Work item: Your response is a verbatim copy of the listing, stripped of its images.

Data segment:
*** Block opens ***
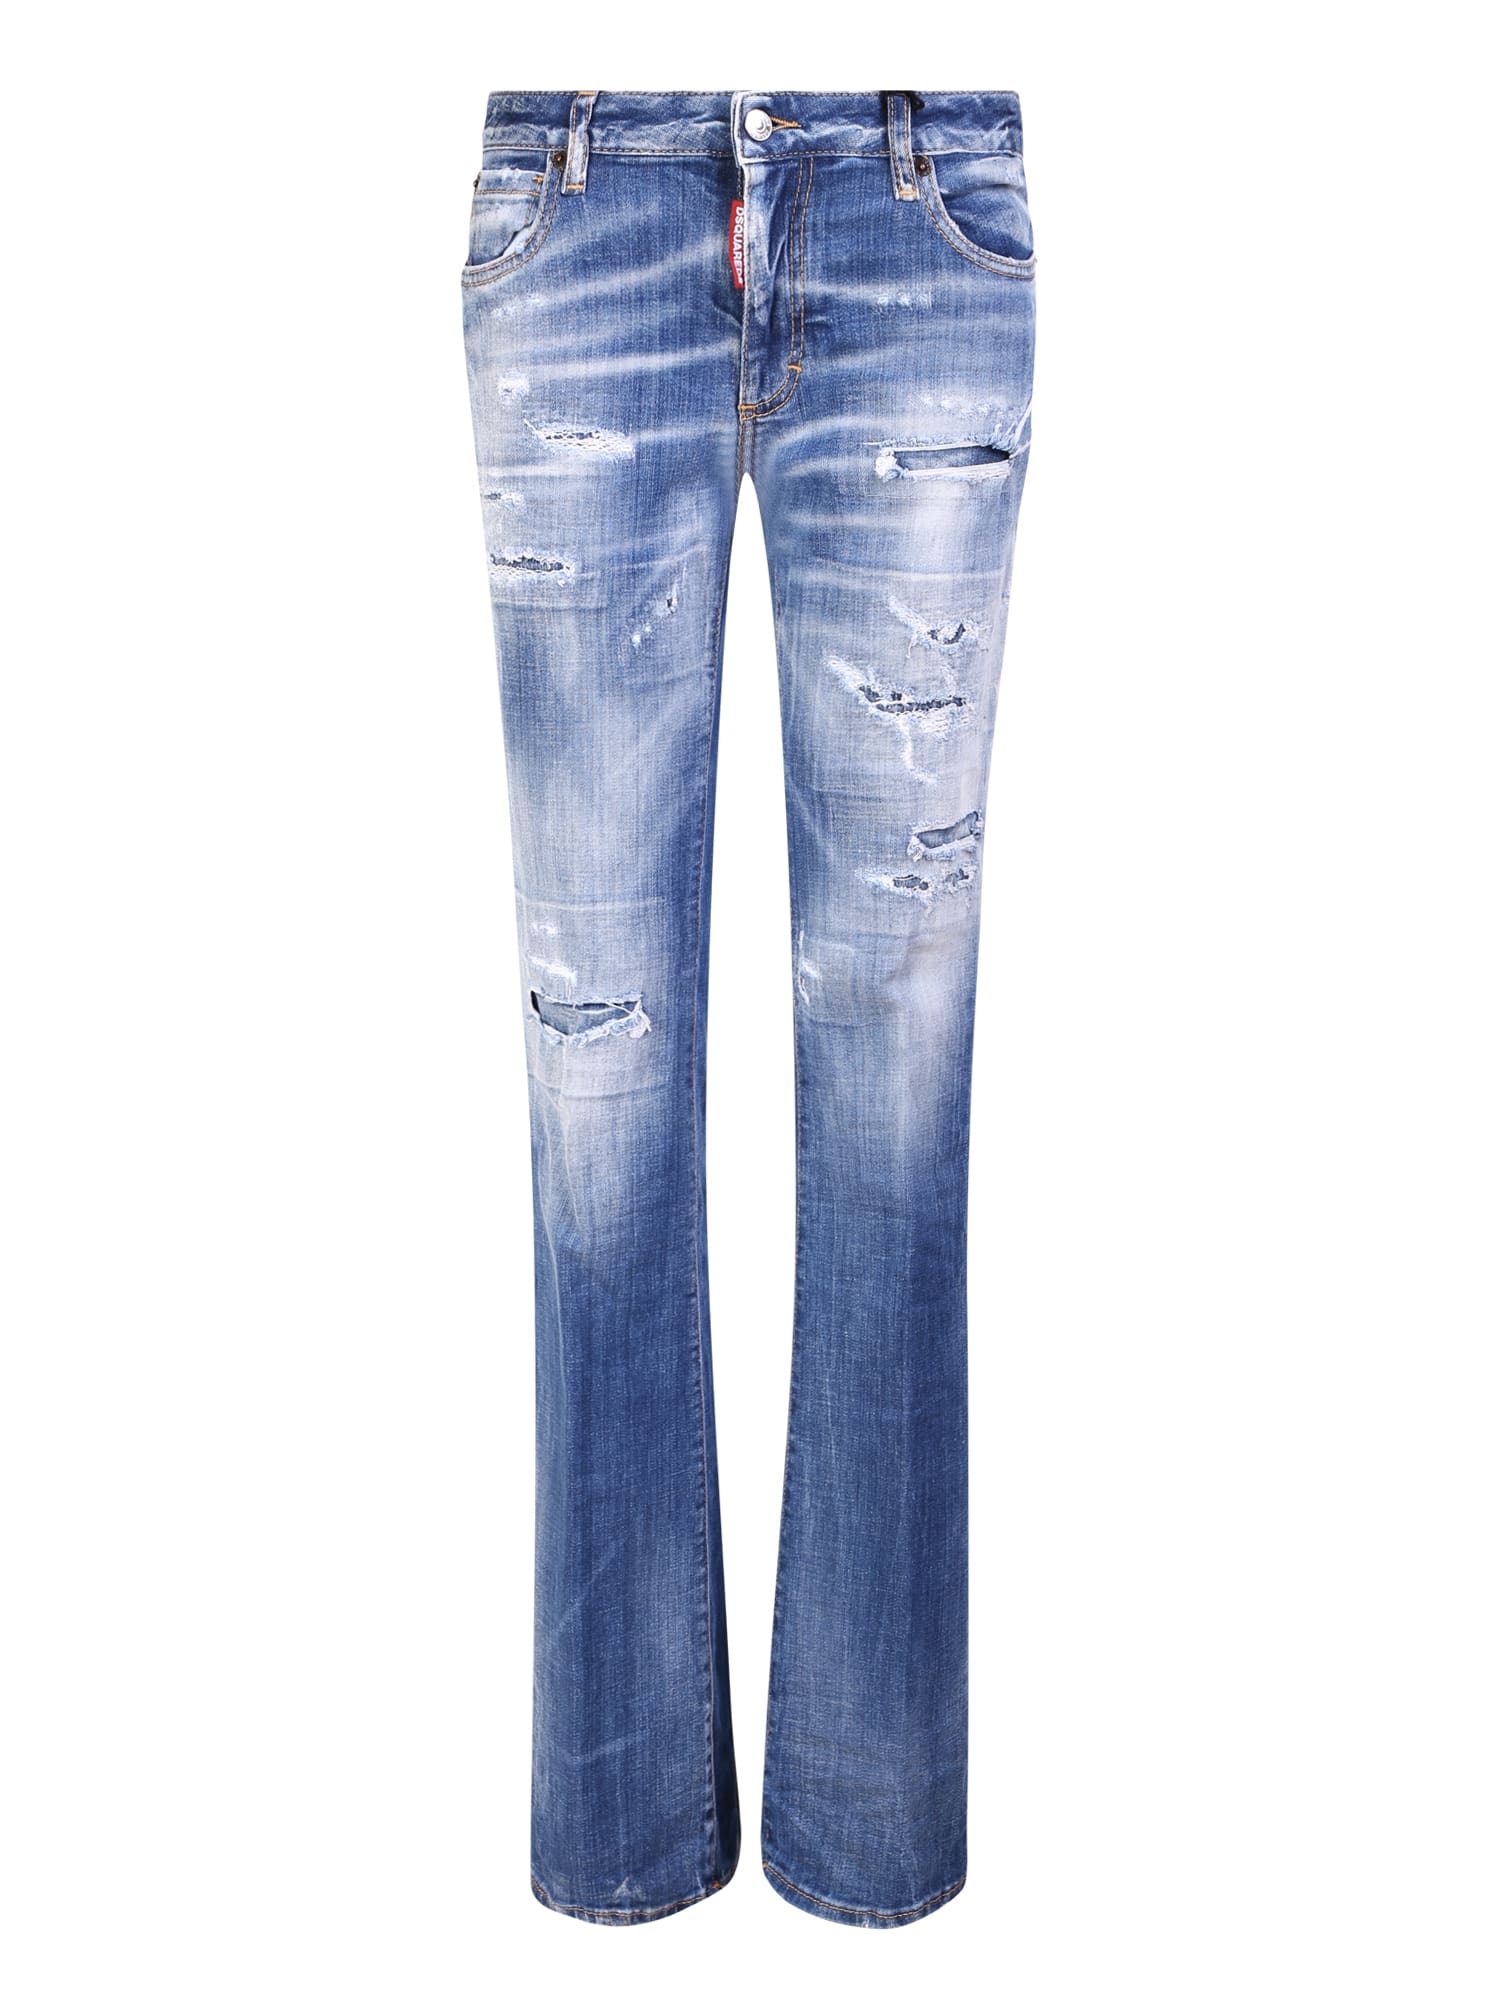 DSQUARED2 FLARED JEANS WITH TEAR DETAIL BY . INNOVATIVE MODEL THAT DIFFERS FROM THE ICONIC JEANS, IDEAL FOR MA
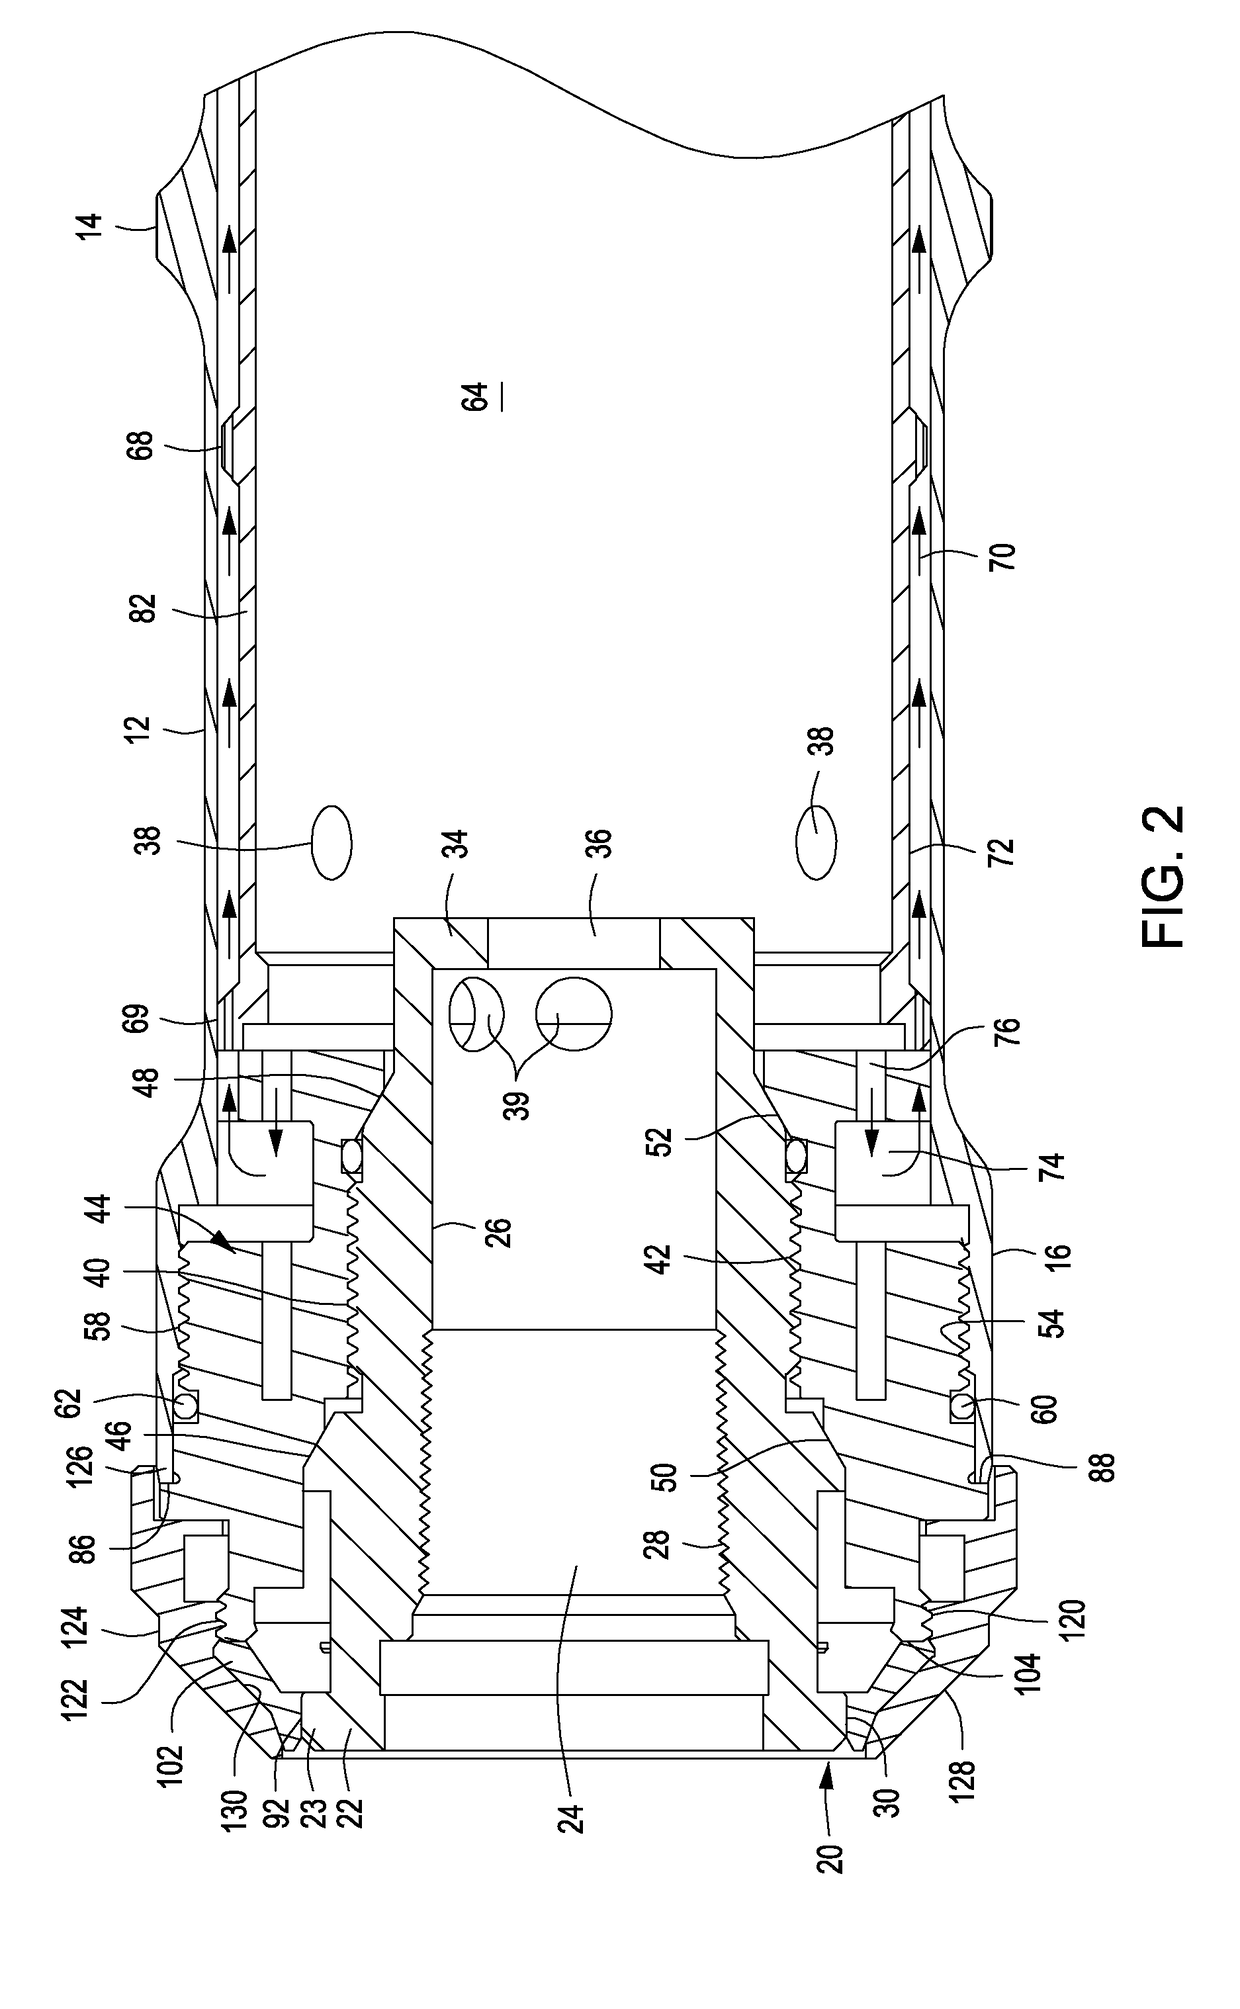 Firearm noise and flash suppressor having ratcheted collet locking mechanism
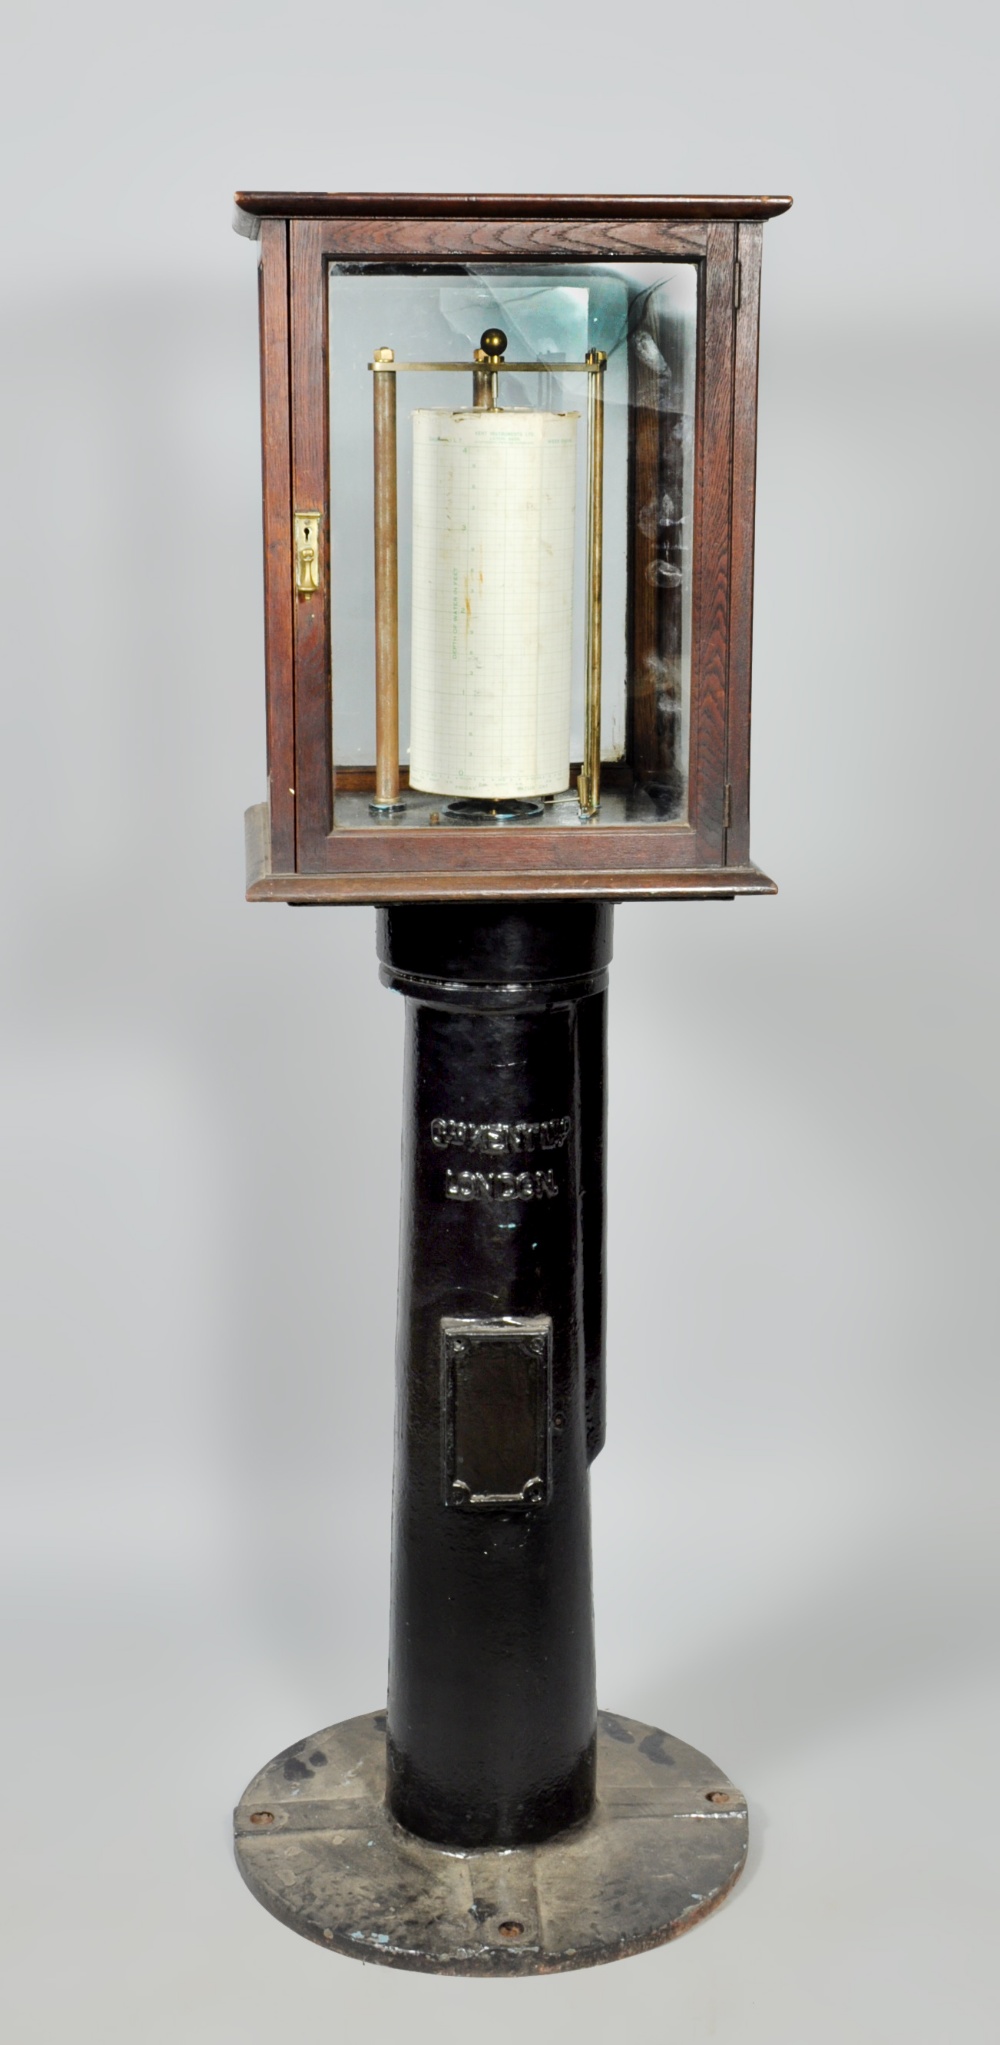 An early 20c water depth recorder by George Kent Ltd, Luton for use in pumping stations, wells etc
*** Block closes ***
Response area:
 DSQUARED2 FLARED JEANS WITH TEAR DETAIL BY . INNOVATIVE MODEL THAT DIFFERS FROM THE ICONIC JEANS, IDEAL FOR MA
 Firearm noise and flash suppressor having ratcheted collet locking mechanism
 An early 20c water depth recorder by George Kent Ltd, Luton for use in pumping stations, wells etc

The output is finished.